*This briefing is based on data produced in August 2021. It accompanies our joint briefing with Boehringer Ingelheim which explores ten radical actions needed to tackle the waiting list inclusively.
Waiting for elective care during the pandemic: what the data tell us
The impact of the pandemic on waiting lists has been widely reported with varying degrees of accuracy. The number of people waiting has grown to record levels, with 5.45 million people already on the waiting list by June 2020, many of whom had already waited for unacceptably long periods.
The referral-to-treatment time (RTT) dataset tells us much more than just the headlines we see reported each month. The data show variation across the country, with marked differences between geographies and specialties.

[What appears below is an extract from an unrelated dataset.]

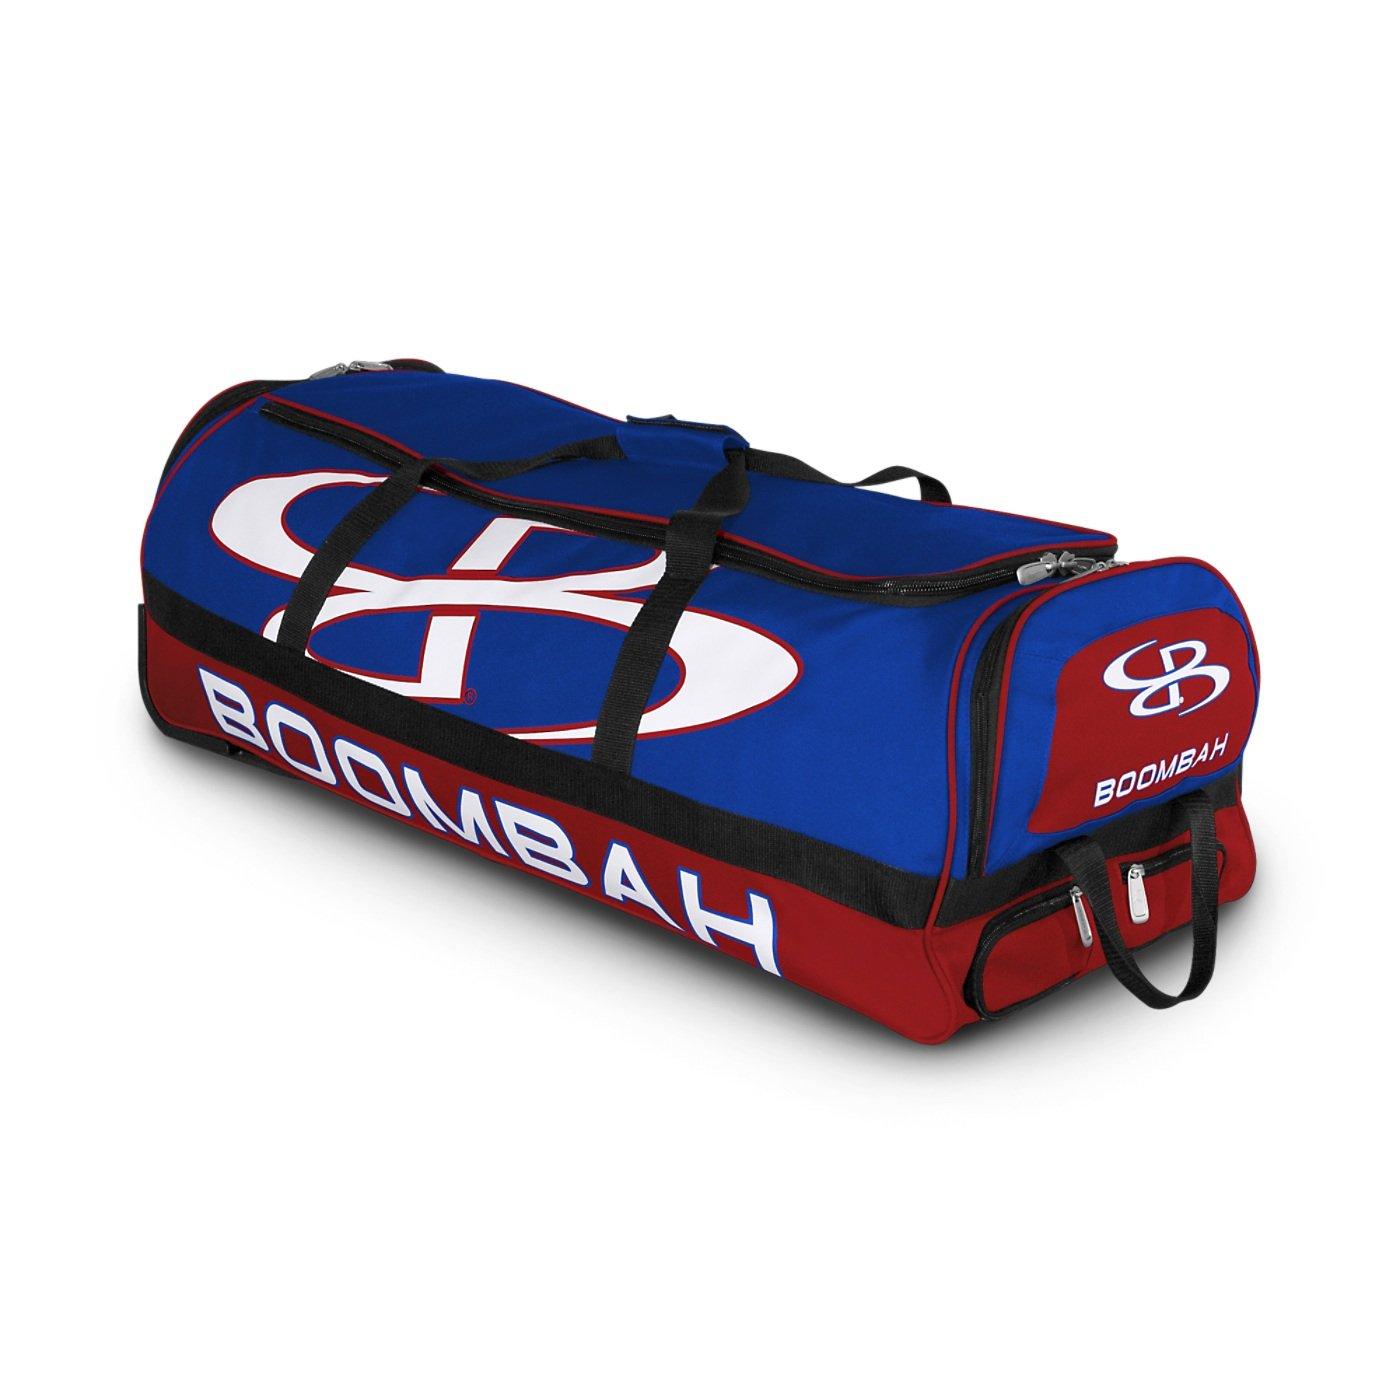 (ブームバー) Boombah Bruteシリーズ キャスター付きバットケース 野球ソフトボール用 35×15×12–1/2インチ 49色展開 4本のバットと用具を収納可能 B01MRMX1PP Red/Royal Red/Royal

We can also gain some insight into how the pandemic has affected different populations, and what we should do to respond.
- New periods – those joining the queue
- Incomplete waiting times – those currently waiting, i.e. those whose pathways are incomplete
- Admitted pathways – those whose waiting has ended and whose treatment has begun by means of admission to inpatient care
- Non-admitted pathways – those whose waiting has ended for reasons other than admission, so largely outpatients plus people who have chosen not to proceed with admitted care.
The impact of the pandemic on waiting times
It is always essential to have an accurate understanding of the problem before attempting to identify solutions.
Figure A below shows how the different waiting metrics have changed since the pandemic began, compared to a baseline year of 2019.
Figure A. National picture – impact of COVID-19
We see typical seasonal variation in activity with the volume of admitted and non-admitted completed pathways falling during the summer and end-of-year festivities. Crucially, we also see signs of demand outstripping supply, with 4.17 million pathways waiting at the beginning of 2019 rising to 4.42 million at the end of that year.
There were unprecedented changes in waiting time patterns from 2020, directly attributable to the pandemic.
We see how admissions plummeted from normal levels of around 300,000 per month down to a low of 41,000 in April 2020. Completed non-admitted pathways also dropped significantly during the peak of the first wave to below half what we would normally expect. While activity levels improve significantly towards the end of 2020, in no small part due to the heroic efforts by NHS staff throughout the country to adapt to challenging working practices, activity levels remained well below what we would normally expect for the rest of 2020.
Despite the unprecedented disruption in levels of activity, we did not see a proportionate rise in the official number of people waiting during 2020. Across the year, the waiting list increased by just over 100,000 to 4.52 million. The key to understanding this outcome becomes obvious when looking at the number of people joining the queue. The slump in the number of new periods across 2020 effectively balanced out the fall in activity.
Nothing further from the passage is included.